PCOS women represent an intriguing biological model illustrating hormonal effects on cardiovascular risk. In fact, several findings indicate a relationship between heart disease and PCOS, i.e. dyslipidemia (9), insulin resistance (3, 7), increased LVM, and diastolic dysfunction (48, 49). PCOS as a putative cause of CVD is, however, still questioned, because definitive data to demonstrate a direct influence of PCOS on heart disease are still lacking (50–52). On the basis of the multiple findings linking CVD with PCOS, we designed this prospective controlled study to investigate different variables affecting heart structure and function. We selected a group of young patients to exclude any role of long-standing undiagnosed PCOS and investigated the early phases of the disease. To better understand the role of increased BMI frequent in PCOS, we included a group of lean patients and controls. This would allow us to detect cardiac abnormalities not related to overweight and obesity.

PCOS women were reported to have higher TG levels and lower HDL-C values (53). Because insulin is a major positive regulator of lipoprotein lipase that is involved in the pathway of HDL-C production, dyslipidemia is probably secondary to insulin resistance, although hyperandrogenism may affect lipoproteins and lipids independently of insulin levels and body weight (9). In our series we confirmed an unfavorable lipid profile; however, we did not find any increase in TG levels. Our young patients with PCOS had an increase in TC and a decrease in HDL-C levels as major findings associated with increased glucose and insulin levels and HOMA index. We also confirmed increased LVM and diastolic dysfunction in young PCOS women. Interestingly, these abnormal echocardiographic aspects were present even in the 12 normal weight women who did not show alterations in lipid profile. Furthermore, these young PCOS women showed greater LVMi than their age- and BMI-matched controls. Although it is well known that ventricular mass indexed for height is significantly higher in overweight than in normal weight subjects (54), our PCOS women showed an increased LVMi that was not weight dependent. Therefore, PCOS could be considered an aggravating factor causing LVH and could play a role in the early cardiovascular disease in PCOS. Among the various echocardiographic parameters that were different between PCOS and controls, the increased LVMi in young PCOS patients has clinical importance, because it represents the main cause of both LVH and diastolic dysfunction in PCOS women, worsening from early to elderly age.

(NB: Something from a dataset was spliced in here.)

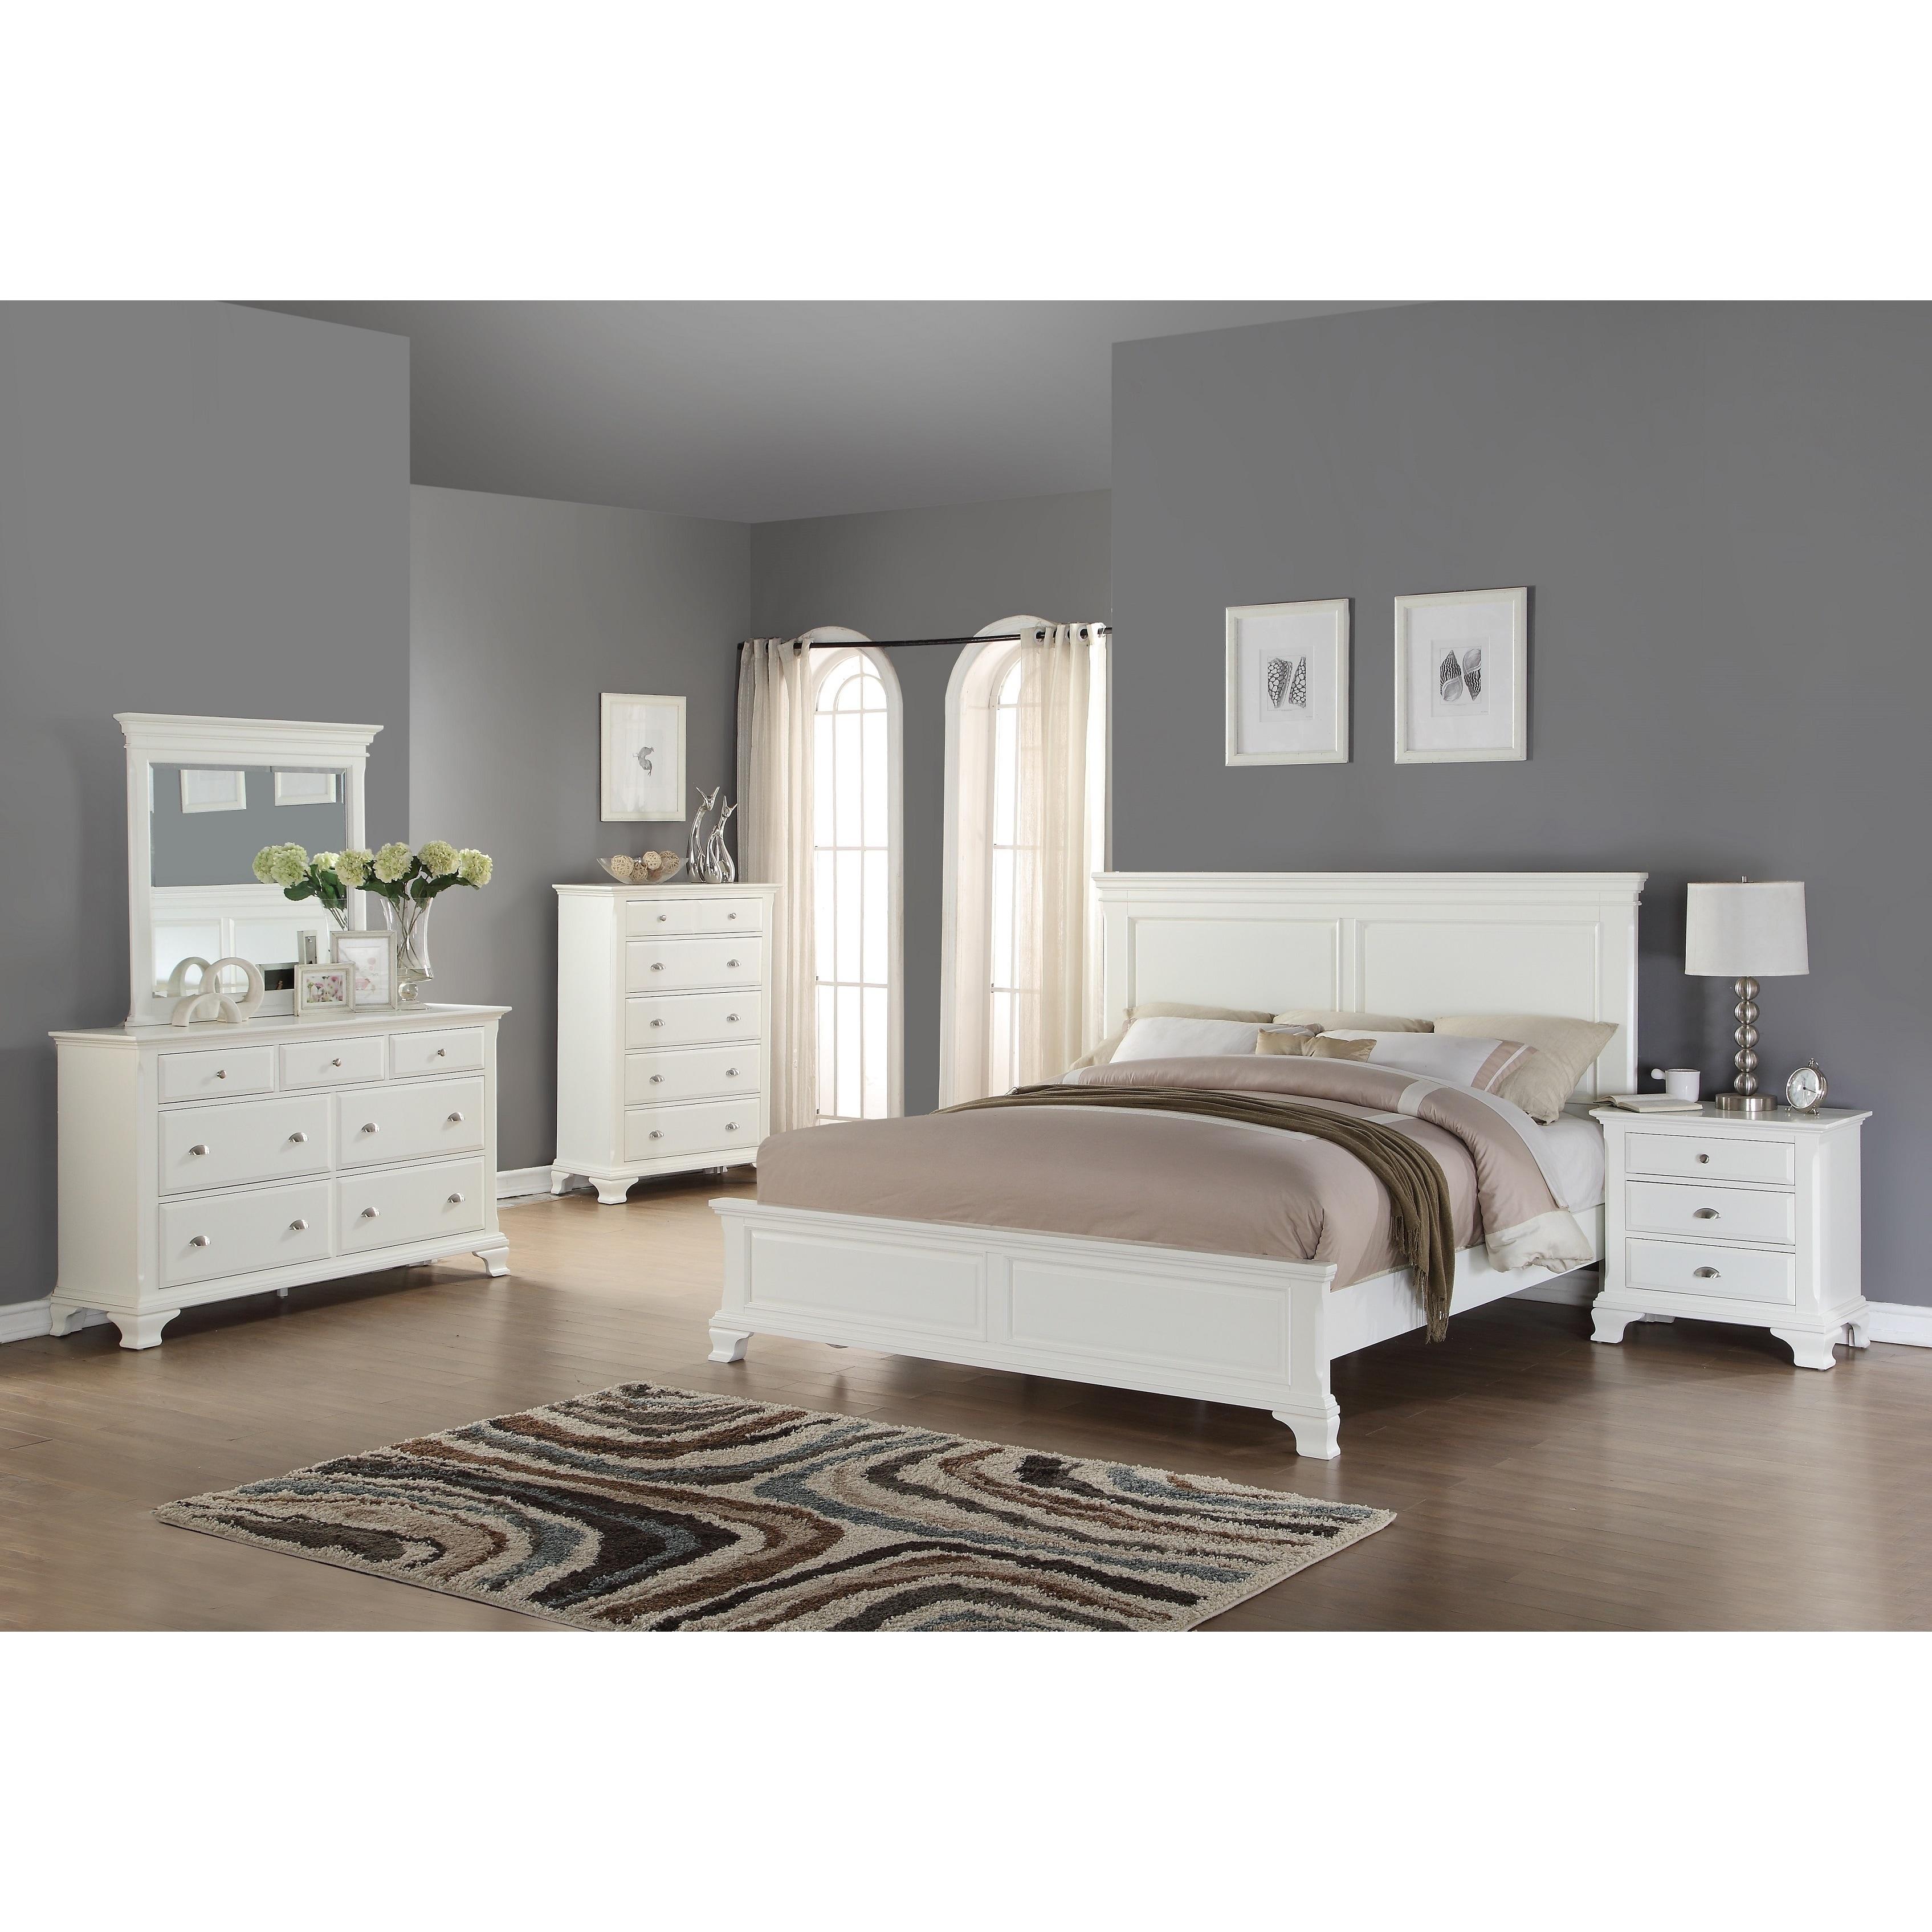 Laveno 012 White Wood Bedroom Furniture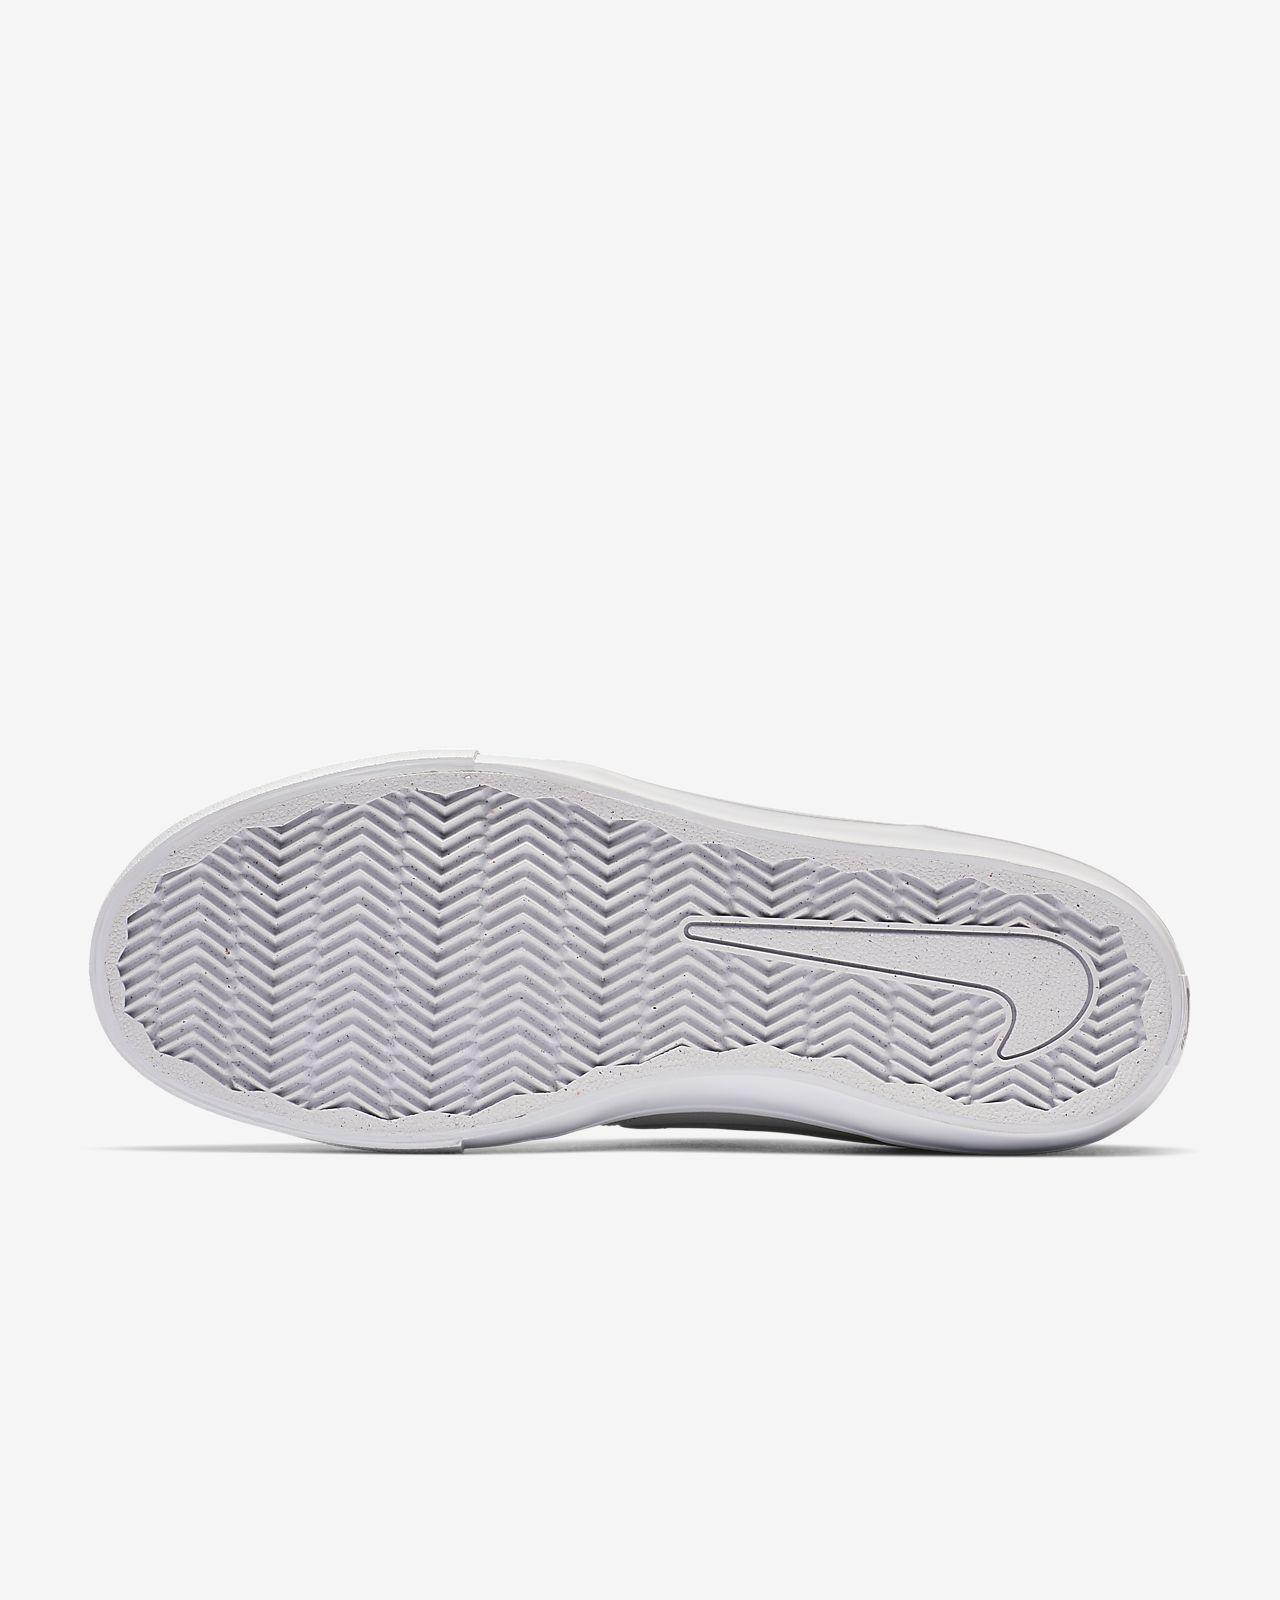 brand new 13344 470b8 ... Chaussure de skateboard Nike SB Solarsoft Portmore II pour Homme

LVH is one of the several metabolic and cardiovascular risk factors associated with insulin resistance (55) and/or visceral obesity (56). In our series, there was a linear relation between LVMi and HOMA. Hyperinsulinemia is a predictor of coronary artery disease (57–60), and insulin resistance has been proposed as the key factor linking hypertension, glucose intolerance, obesity, lipid abnormalities, and coronary heart disease in an association called metabolic syndrome X (61). In fact, the increased LVM in PCOS women could be caused by an increase in blood pressure, even in the absence of hypertension (62). Indeed, in our series we found slightly increased mean blood pressure and DBP in PCOS women compared with controls.

In accord with previous studies (48, 49), we also report diastolic dysfunction in PCOS. Specifically, Tiras et al. (49) suggested that patients with PCOS have diastolic dysfunction; furthermore, no difference in E/A was observed between PCOS and control women. On the contrary, we showed both reduced ejection fraction of LV and E/A, suggesting impaired LV diastolic filling. However, whether the E/A ratio is an early predictor of diastolic dysfunction in PCOS remains to be determined. In addition, Prelevic et al. (63) reported that systolic flow velocity is lower in PCOS than in age-matched control women, and there is an inverse relationship between serum fasting insulin and LV systolic outflow parameters; furthermore, increased insulin levels in PCOS are associated with decreased cardiac flow (63).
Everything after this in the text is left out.